In the HV (LV) gate, the higher (lower) of the two inputs, IN1 or IN2 is connected to the output

of the gate. These blocks are used in a “takeover” style limiter. As the name implies, this method

allows the limiter to take over control from the AVR. In this method, the main loop of the AVR

is bypassed when the limiter is active.

Supplemental control functions, either summing point or takeover style, can interface with the

excitation system at multiple points. These functions include Overexcitation Limiters (OEL),

Underexcitation Limiters (UEL), Stator Current Limiters (SCL) and Power System Stabilizers

(PSS). This can be seen in Figure 14 along with signals associated with the Reference (Vref) and

Terminal Voltage Sensing (Vsense).

Figure 14 – Various Interface Points for Takeover Style Limiters

3.12 Overexcitation Limiters

Overexcitation limiters are supplemental controls used to prevent excitation levels from exceeding

the machine’s capability. There are many types of overexcitation limiters. Most of them operate

by measuring field current and detecting when field current exceeds a set point. There may be two

set points, an instantaneous and a timed set point.

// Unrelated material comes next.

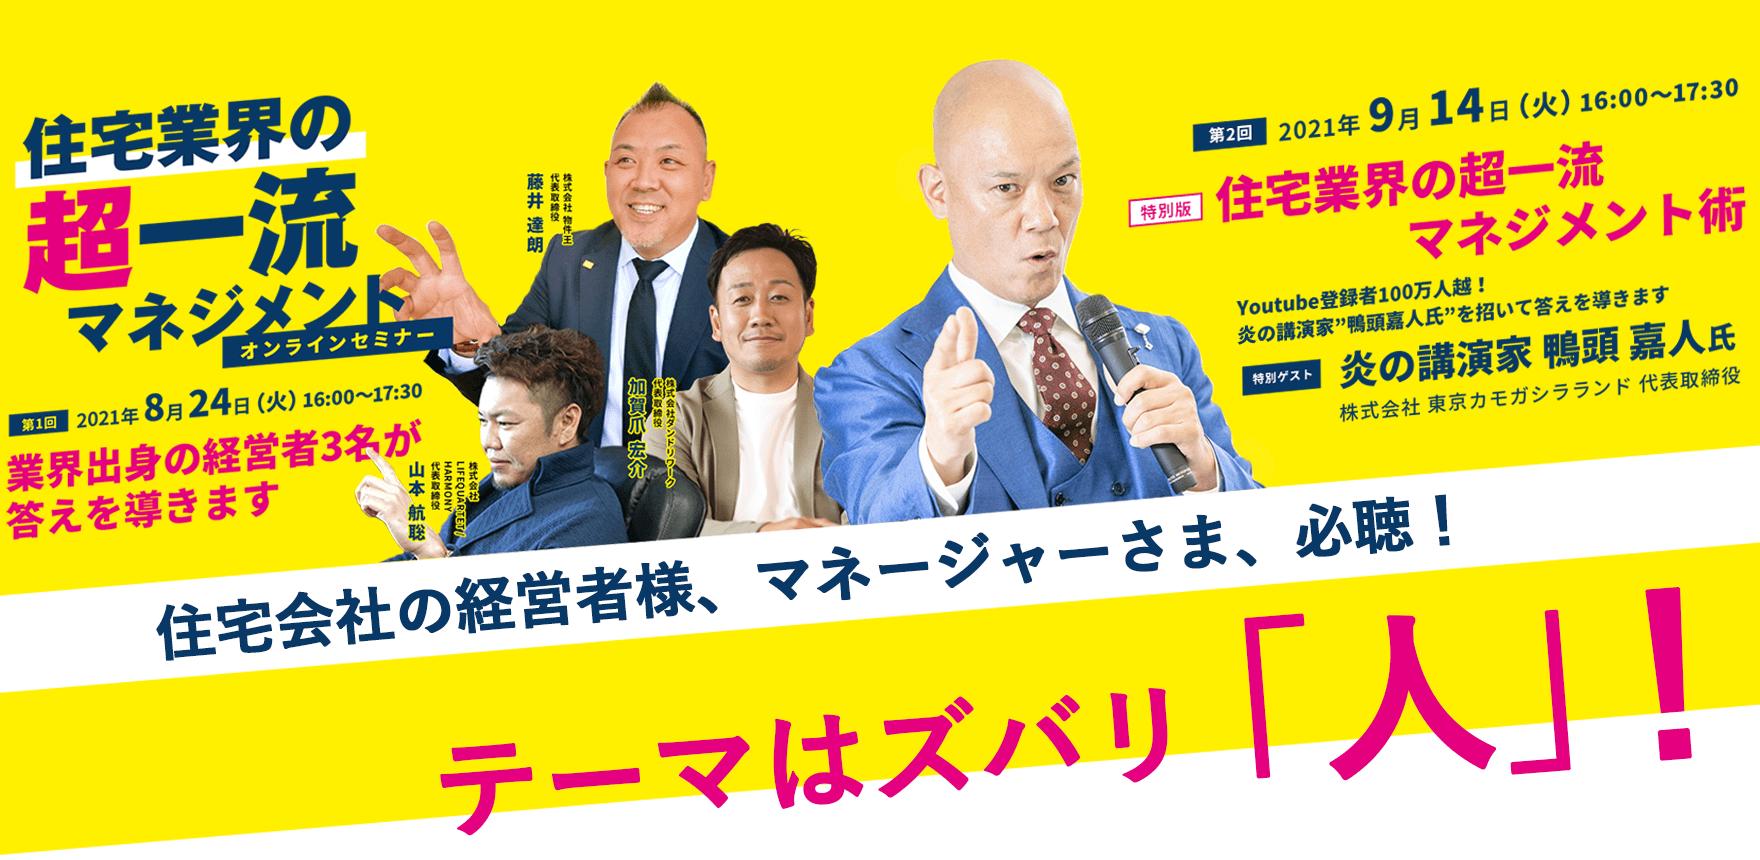 2021.9.14 特別ゲスト「鴨頭 嘉人」<br/>住宅業界の超一流マネジメント

If field current is greater than the instantaneous

set point, the limiter reduces field current with no intentional delay. If field current is less than

instantaneous set point but still above the timed set point, the limiter allows the overexcitation

condition to exist for a prescribed amount of time, then it reduces excitation to safe levels. The

set point may be a function of time and cooling medium temperature or pressure. Models for

excitation systems and their supplemental control functions can be found in IEEE Std. 421.5™-

2005, IEEE Recommended Practice for Excitation System Models for Power System Stability

Studies [3]. The OEL model for an overexcitation limiter was developed by members of the

IEEE/PES Excitation Systems and Controls Subcommittee as a flow chart and is repeated in Figure

15.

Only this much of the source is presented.